Avanzamos entre la multitud cubiertos con sábanas negras. Weckert: con su carretilla de celulares desde hace media hora: Calle despejada. Sólo gente a pie. Fuera sábanas negras; comenzamos.
Enciendo proyector / mi pecho. Resto del grupo / burlesco de generales y generalas drag en medio de la calle. El video se embadurna deliciosamente sobre los cristales…
Blanco y negro: primera fila de superhombres, carcomidos por el hongo del acetato, sucios de tiempo. Armas al hombro; águilas y cruces. Clip de tanques y aviones en acción (transparencia) sobre las tropas en marcha. Contrapicados de atletas sonrientes; saltan las guedejas y las tetas, se raspan en los ladrillos e intersticios. Transeúntes: se detienen; observan, molestos: más de lo mismo, ofensas a la bandera… ese pasado culpable. De repente, la impostura de cruces y medallas que ocurre en la calle se torna juego de vironchas. La generala más reina, como afectada por invisibles cosquillas, se quita los pantalones. El generalísimo condecorado saca su fusta rosa y lo castiga, inclinándose hacia delante, los pies en puntas. Los otros oficiales también se arrebatan, y cambian sus chaquetas por otras más cortas y ceñidas, only style nazifashionista: Danza de luces y lentejuelas, pájaras pintas jugando a la guerrita.

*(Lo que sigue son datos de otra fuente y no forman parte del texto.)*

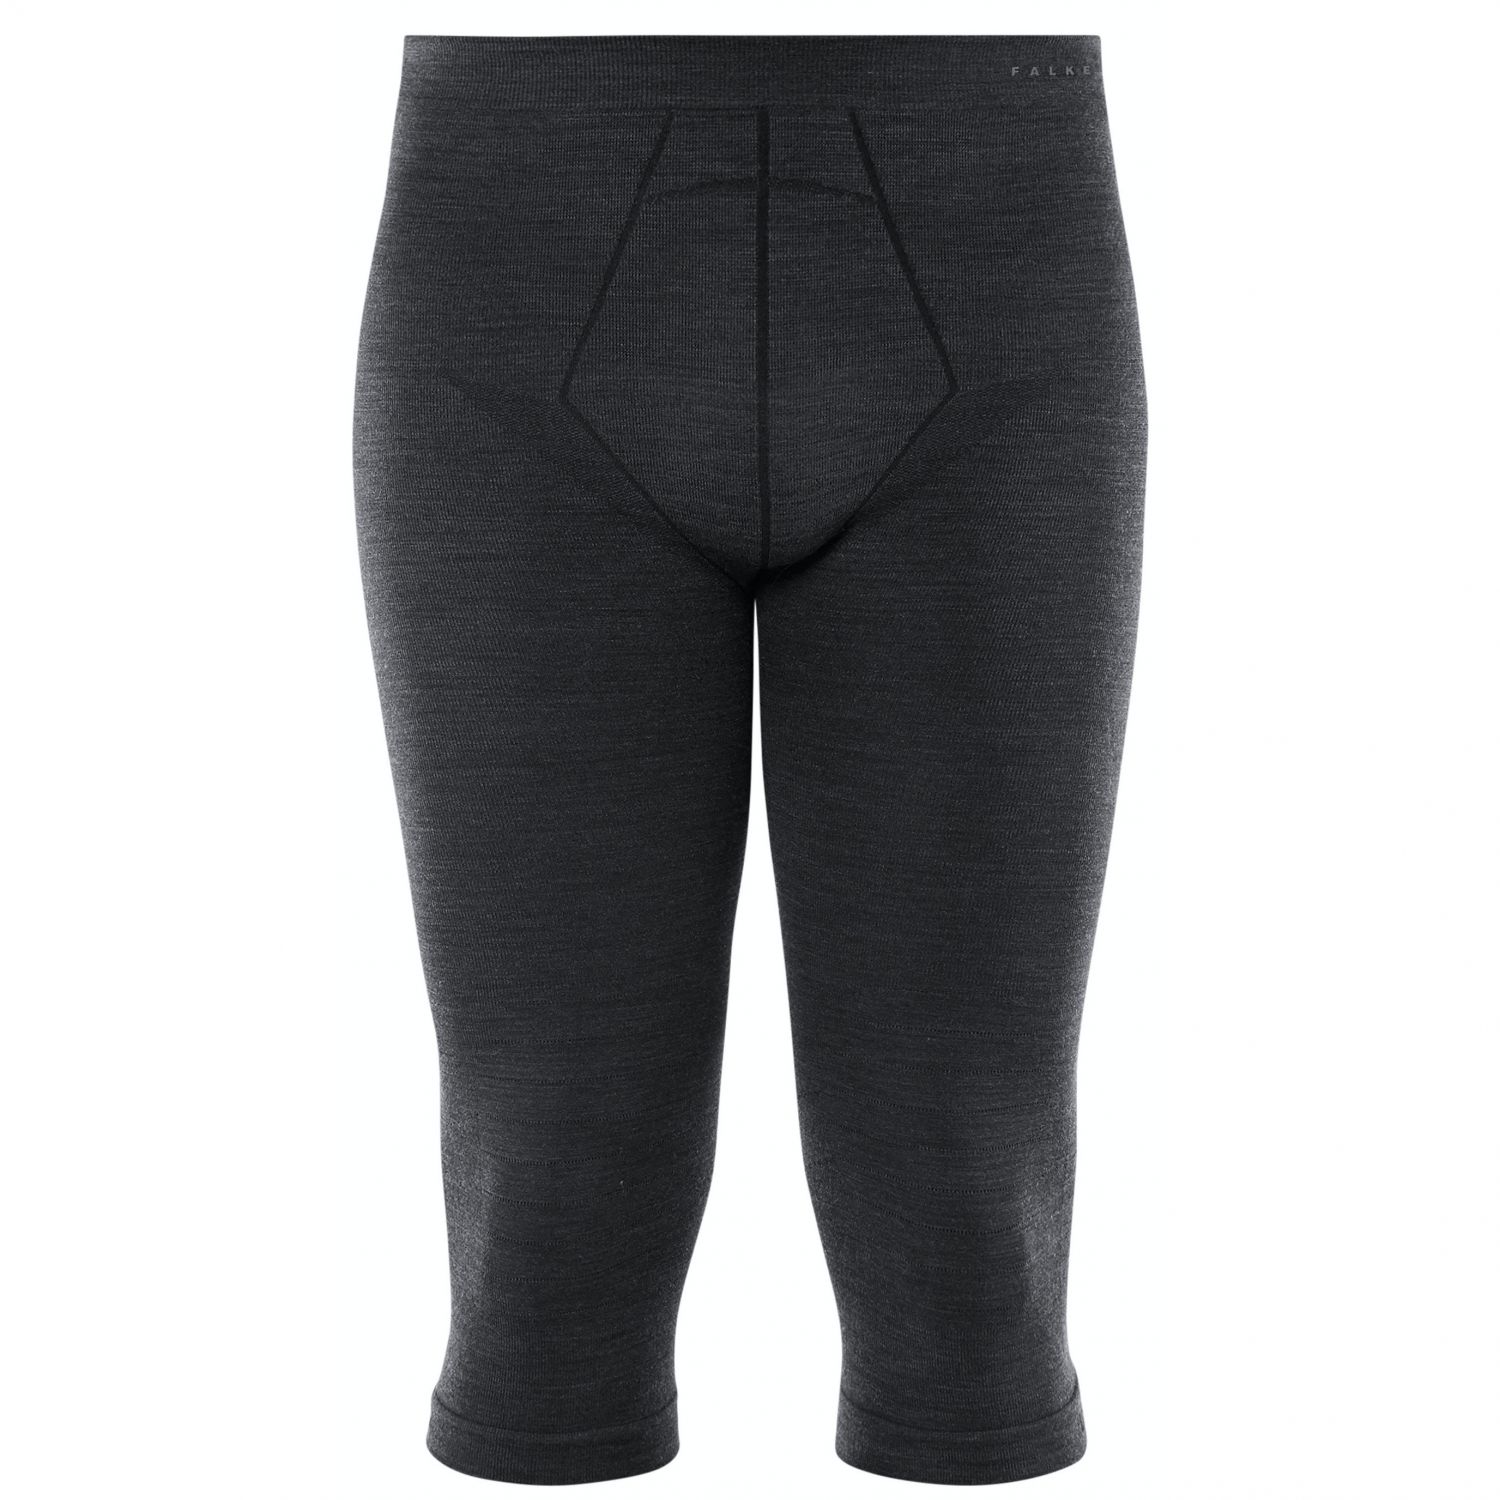 Details about   Falke Wool-tech 3/4 Tights Mens Base Layer Leggings Dark Night All Sizes

En la fachada del edificio acaban las del triunfo de la voluntad y otras propagandistas, y estallan escenas pornomilitares interraciales. Oficiales y oficialas del Tercer Reich copulan. Los más son mestizos y negros, o si se prefiere afrodescendientes y biotipos pluriétnicos multiculturales que se cogen, con el uniforme mal puesto, a las blancas y blancos puros, también de uniforme, desencajados, indignos. Todos tiran o son tirados en imposibles poses a la luz de los transeúntes.
Tres chicos del grupo hacen registro con sus celulares.
Llega la policía; apago el proyector; nos dispersamos; desaparecemos…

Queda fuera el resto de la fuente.